Протискиваясь с пикой между конями, Зихо оцарапался о шпору господина, зацепился за стремя, но стерпел боль и… оторопел: прямо перед ним, в какой-то сотне шагов, стояла, насколько хватало глаз, стена из чужих воинов: непривычной масти кони в кольчужных сетках, незнакомой расцветки щиты. И густой лес пик над стальными шлемами.
Зихо слышал испуганные голоса, за спиной суетились копейщики и мечники. Они уже поняли, что на льду озера Лангаррад их встречают не отчаявшиеся горожане с неуклюжими топорами, а боевые дружины князя Госпожи Великой Сахтаръёлы, который не погиб вовсе, а вернулся из далёких степей победителем.
Острым глазом охотника Зихо разглядел в чужом строю необычное движение, какую-то нелепицу. Ему показалось, будто меж копыт чужих коней скорчилась гибкая фигурка, там блеснули острый взгляд и отточенный металл на тяжёлой стреле. Зихо вдруг подумал, что под конями прячутся лучники, самые меткие и ловкие, их выставили убивать «обречённых». Они выпрыгнут перед строем, схватят лежащие на льду луки и выпустят стрелы. Потом бросят ненужные луки и нырнут под лошадей, уйдут в глубину строя, освобождая стальным всадникам место для битвы, которой Зихо уже не увидит.

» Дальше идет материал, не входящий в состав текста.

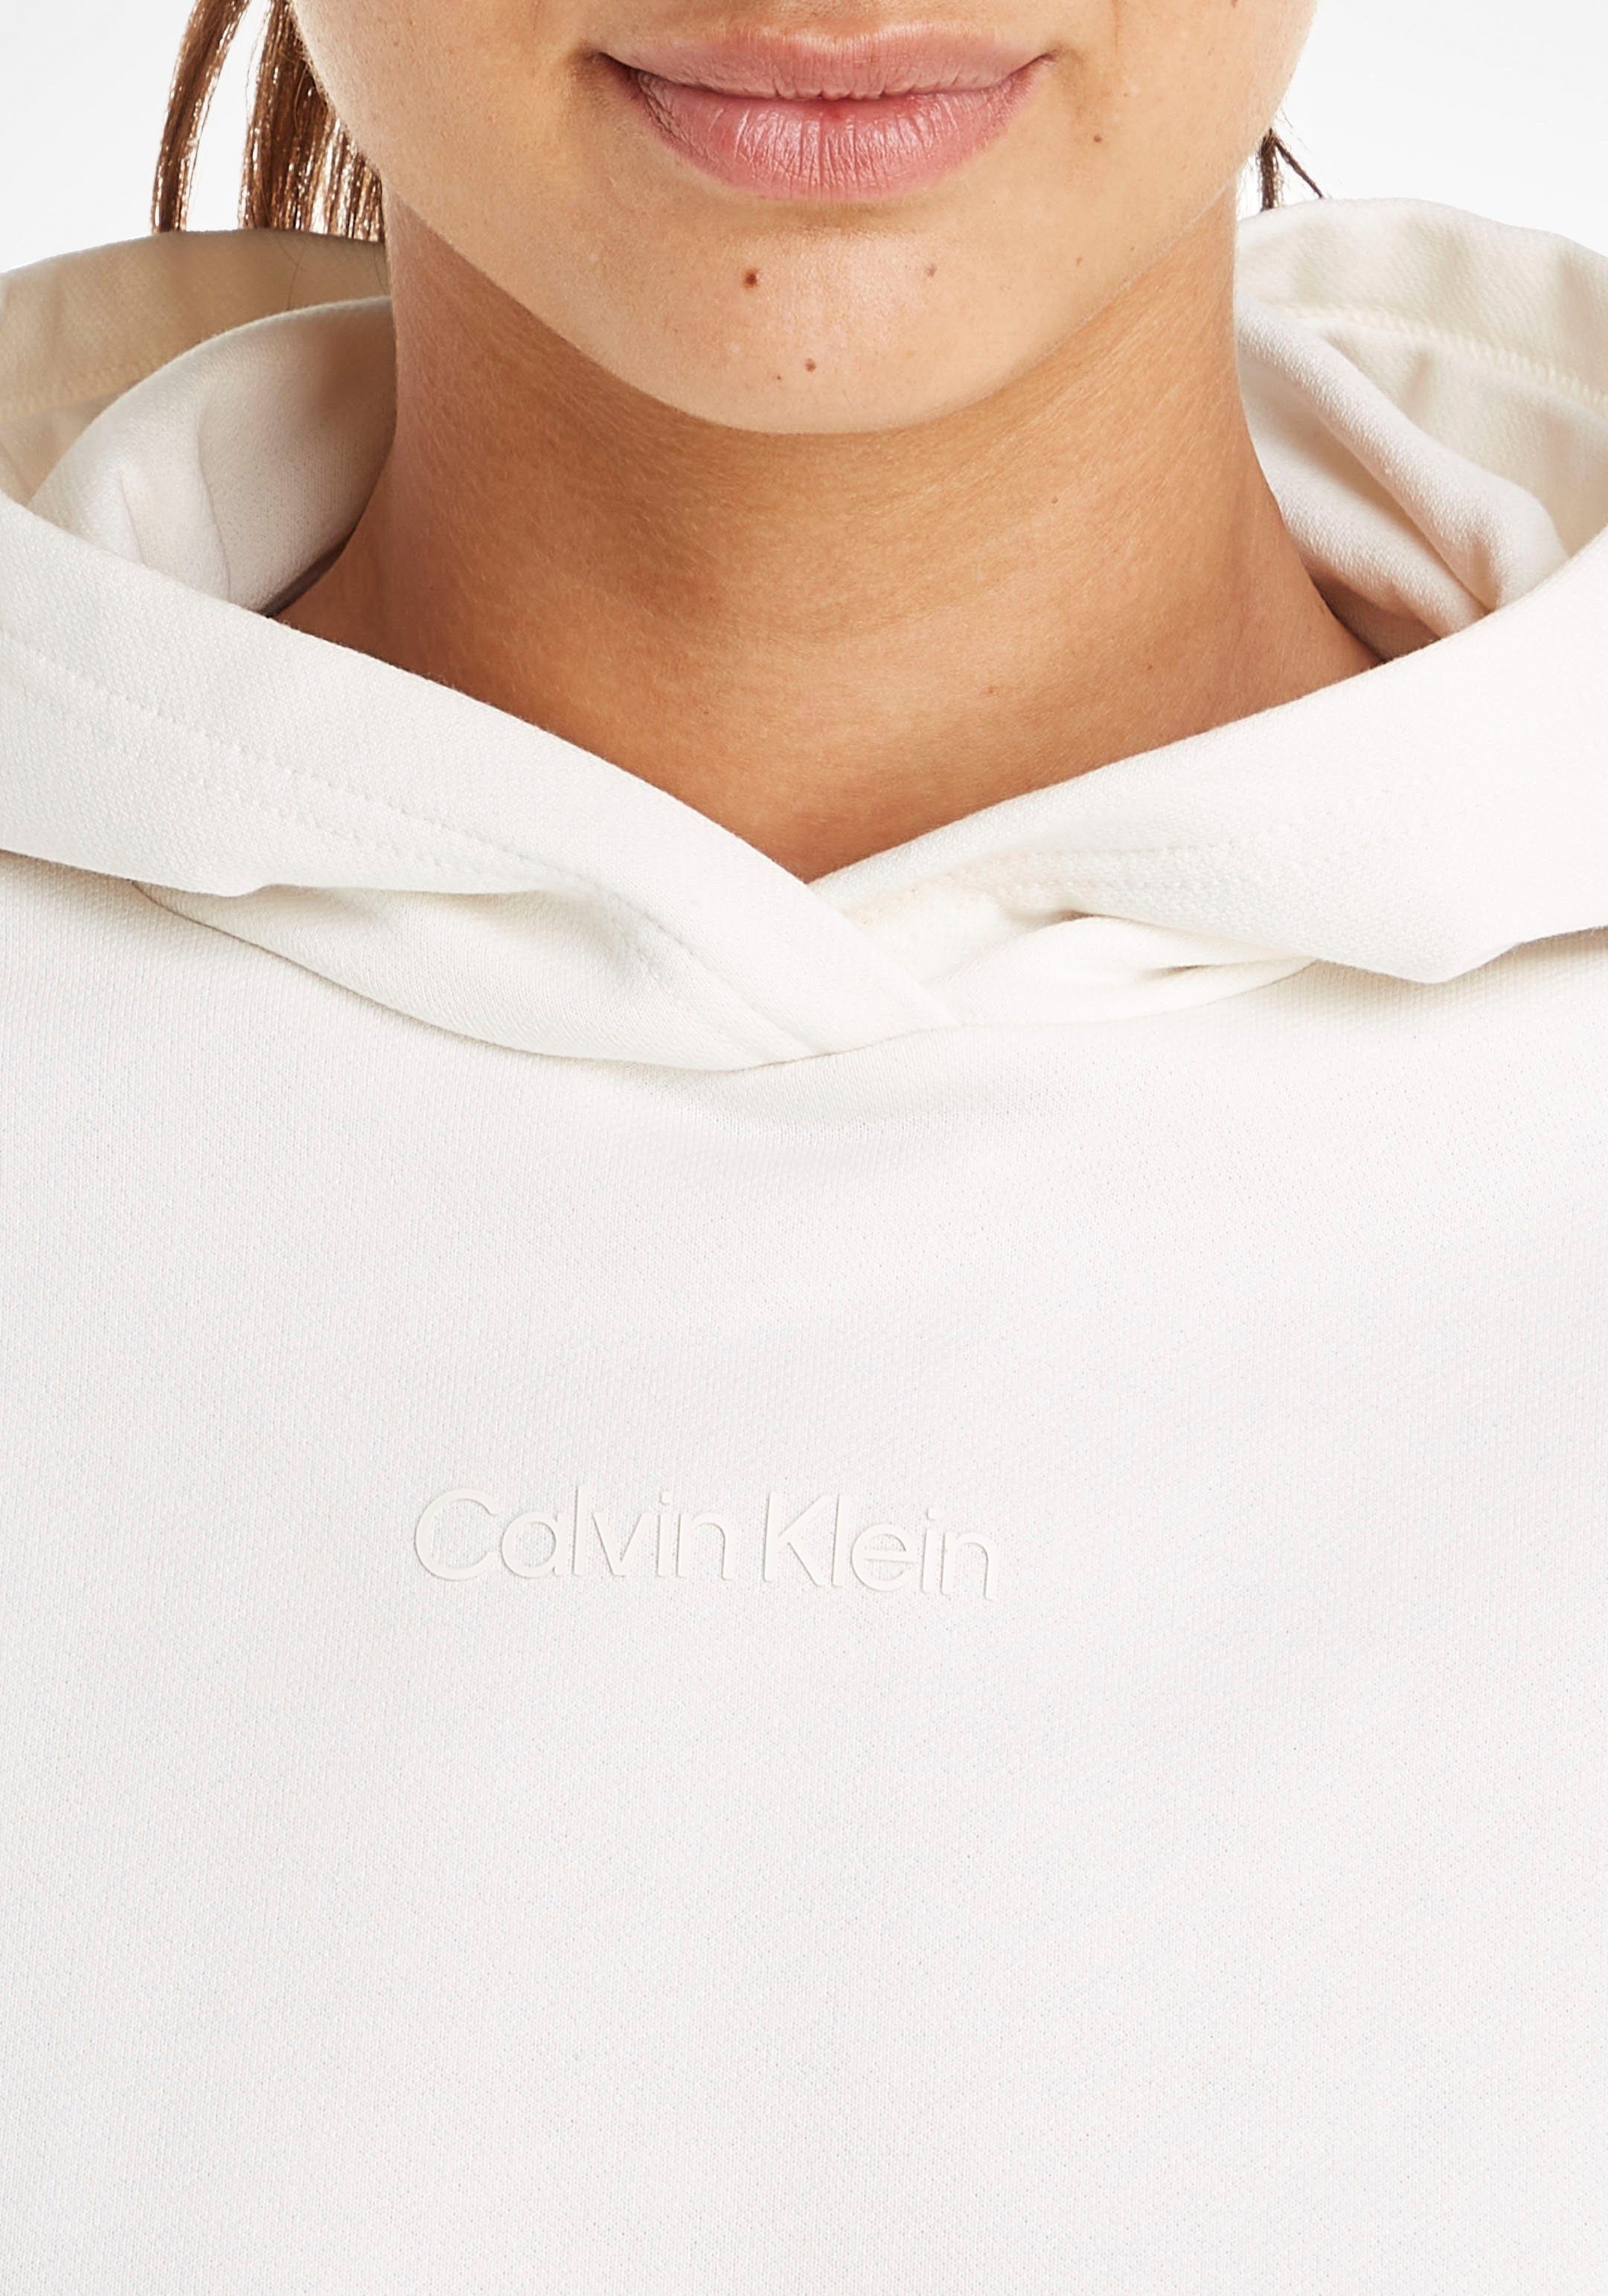 Calvin Klein Sport Sweatshirt - PW Hoodie Kapuzensweatshirt weiß

– Мне нужен щит! – завопил Зихо. – Дайте мне щит!
– Уже наложил в штаны, раб? – презрительно прогудел под стальным шлемом голос господина. – Тебе осталось жить мгновения. Цени их, а не ори испуганным петушком.

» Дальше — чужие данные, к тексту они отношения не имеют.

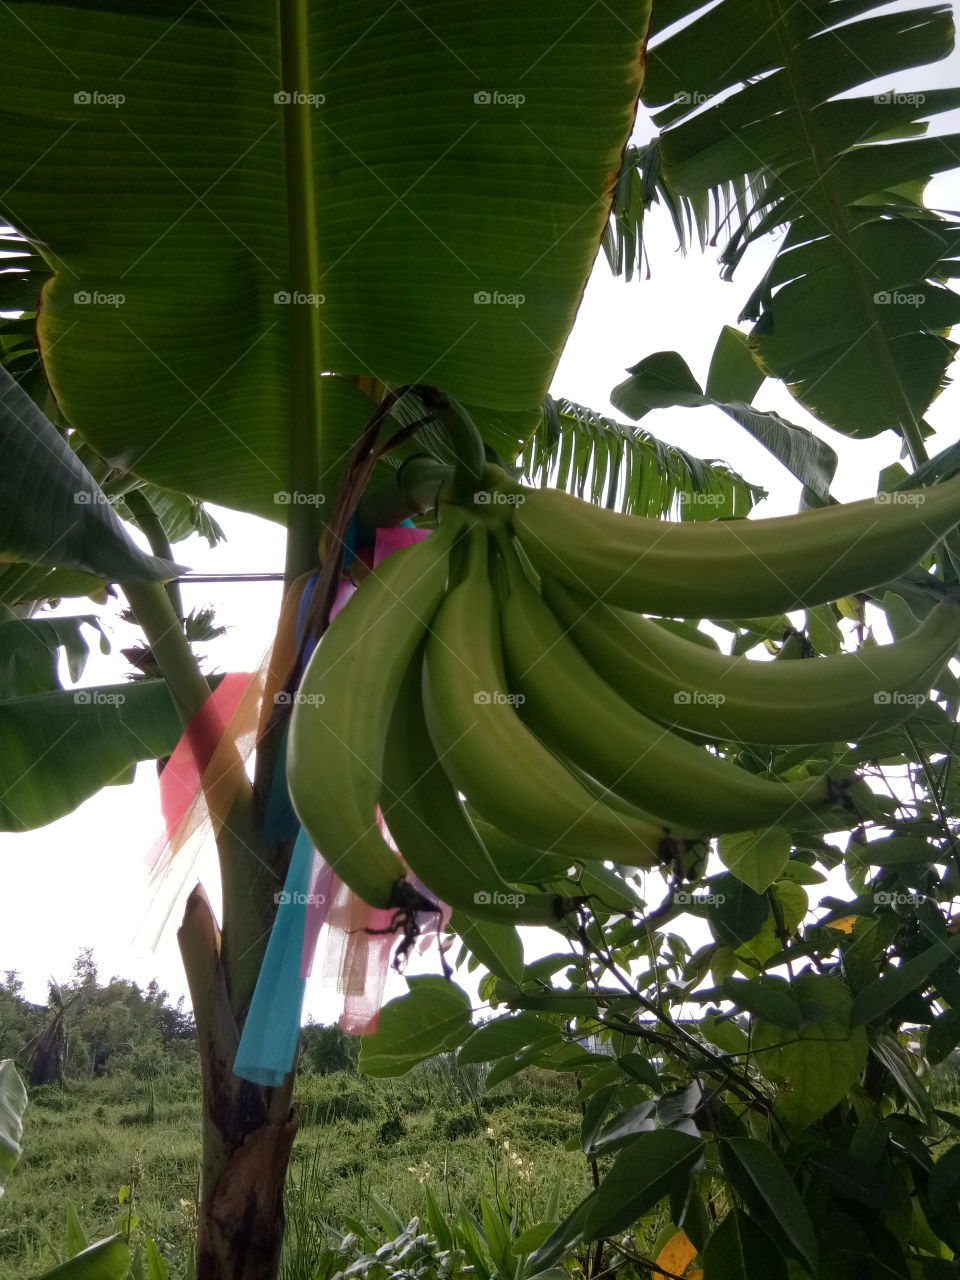 banana
thailand

«Я не раб!» – злобясь, подумал Зихо.
Но закричал иное:
– Под лошадьми прячутся горбоносые лучники! Те горцы, кто был с девкой в кольчуге! Они убьют меня раньше, чем я подам тебе пику! Дай мне хотя бы оружие!
– Оно у тебя есть, – съязвил молодой господин.
Он частенько косился на костяной топорик за поясом Зихо, подарок Литы.
– Узкие щиты всем «обречённым»! – скомандовал откуда-то голос Коннинга Тилга. – Живо!
Где-то сзади поднялась возня, кто-то коротко вскрикнул. Видимо, раб вцепился в щит, и воин из охраны молодого господина ударил его рукоятью меча в лицо. К Зихо протиснули доску, обитую железом, повесили на шею. Этот неудобный щит закрыл лицо и тело до колен.
Звенели оружие и сбруя, гремели доспехи и щиты, войско медленно и неумолимо приближалось к чужому строю.
– Да их совсем немного, господа! – обрадованно воскликнул кто-то из пяти знатных всадников, возглавляющих «клин». – Во всём виноват туман. Тут лишь кучка «другов», как раз напротив нас стоят. Полсотни, не больше. Наверное, те, кто убежал из поражения в степи. Слева и справа только мужичьё с топорами и баграми. Это не пики, это багры. Тилг, ты выиграл спор.
– Не высовывайся, раб! – сплюнув, приободрился молодой господин. И пнул Зихо стременем, заметив, что тот пытается выглянуть из-за щита.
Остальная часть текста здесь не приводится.